Continuation of front page (51) Int.Cl. ⁵ Identification number Office reference number FI technical display location A61K 31/47 ACF AED 7252-4C C07D 401/12 8829-4C

Claims (6)

[Claims] 1. A general formula (1): (Expressed in the formula, R ₁ represents an alkyl group, or a halogen, alkyl group, alkoxy group, nitro group, one or more optionally substituted aryl group a trifluoromethyl group, an aralkyl group, a heterocyclic ring, R ₂ Is hydrogen, or an acyl group which may be substituted with a halogen, a nitro group, a methoxy group, a hydroxy group, a linear or branched alkyl group, an aralkyl group, a linear or branched alkyloxycarbonyl group, an aralkyloxycarbonyl group.

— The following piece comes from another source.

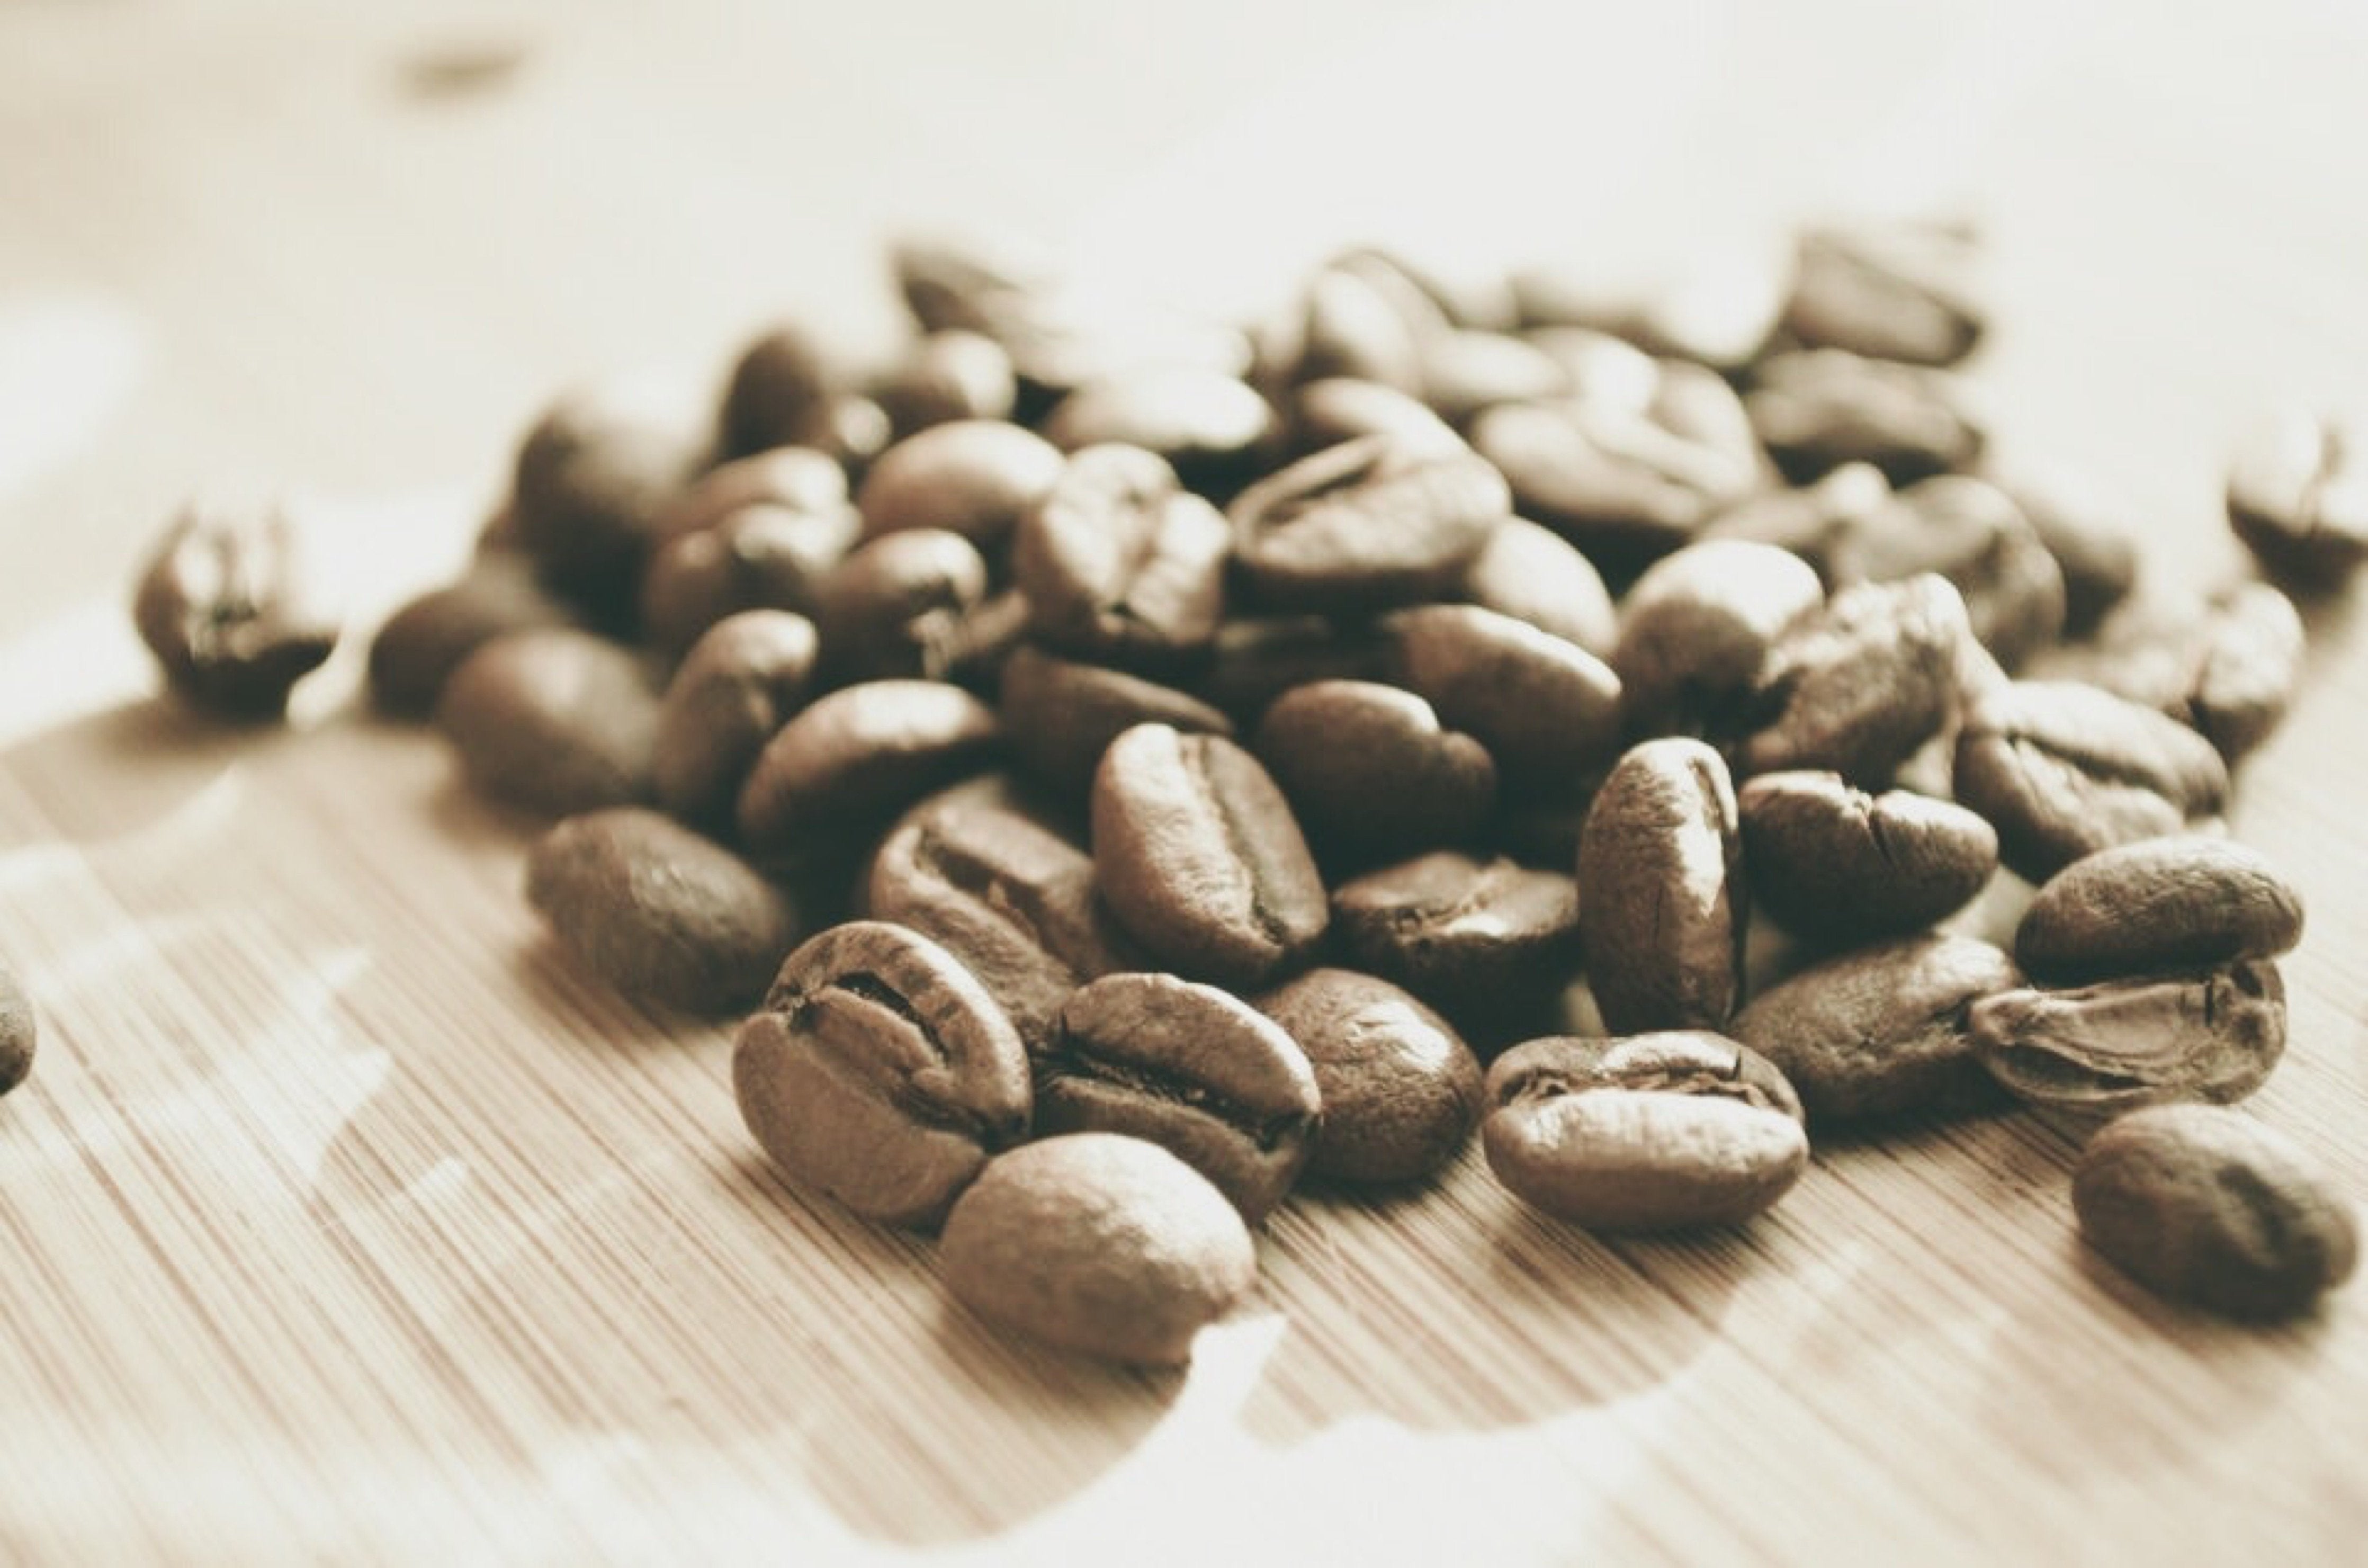 Lightly roasted specialty coffee beans laying on a table.

R ₃ represents a hydroxy group, an alkoxy group, a benzyloxy group or has the formula: —NR ₄ R ₅ where R ₄ and R ₅ are the same or different, and
An aminomethyltetrahydroisoquinoline derivative consisting of a compound represented by hydrogen, an alkyl group or an aralkyl group, and n represents 1 to 6) or a pharmaceutically acceptable salt thereof. 2. In the formula (I), R ₁ represents halogen, an aryl group which may be substituted with one or more lower alkyl groups having 1 to 4 carbon atoms, R ₂ represents hydrogen, or Represents an acyl group, a linear or branched alkyl group, an aralkyl group, a linear or branched alkyloxycarbonyl group, an aralkyloxycarbonyl group, R ₃ represents a hydroxy group, and n represents 1 to 3 The derivative according to claim 1, which is represented by 3. A pharmaceutical composition comprising as active substance a derivative according to claim 1 or 2 optionally together with one or more inert carriers and / or diluents. 4. The pharmaceutical composition according to claim 3, which is suitable for treating and preventing thromboembolic disorders and preventing arteriosclerosis. 5. A compound represented by the general formula (II): (Wherein R ₂ , R ₃ and n have the same meanings as defined in claim 1), an amine represented by the general formula (III) R ₁ SO ₃ H (III) (wherein R ₁ is A compound having the same meaning as that of claim 1) or an active derivative thereof,
General formula (I) (Wherein R ₁ , R ₂ , R ₃ and n are the same as above), R _{3 of the} compound is OH
If not, the method for producing a derivative according to claim 1 or 2, wherein hydrolysis is carried out to a free carboxylic acid if necessary. 6. A method for producing amines of the general formula (II) according to claim 5, which comprises the general formula (IV): (In the formula, R ₂ has the same meaning as in claim 5, and Pr 2
ot represents an amino-protecting group), and a compound represented by the general formula (V) X (CH ₂ ) _n COR ₃ (V) (in the formula, R ₃ has the same meaning as in claim 5) , X
Represents chlorine, bromine, iodine, alkylsulfonyl or toluenesulfonyl) and then removes the protecting group to produce an amine.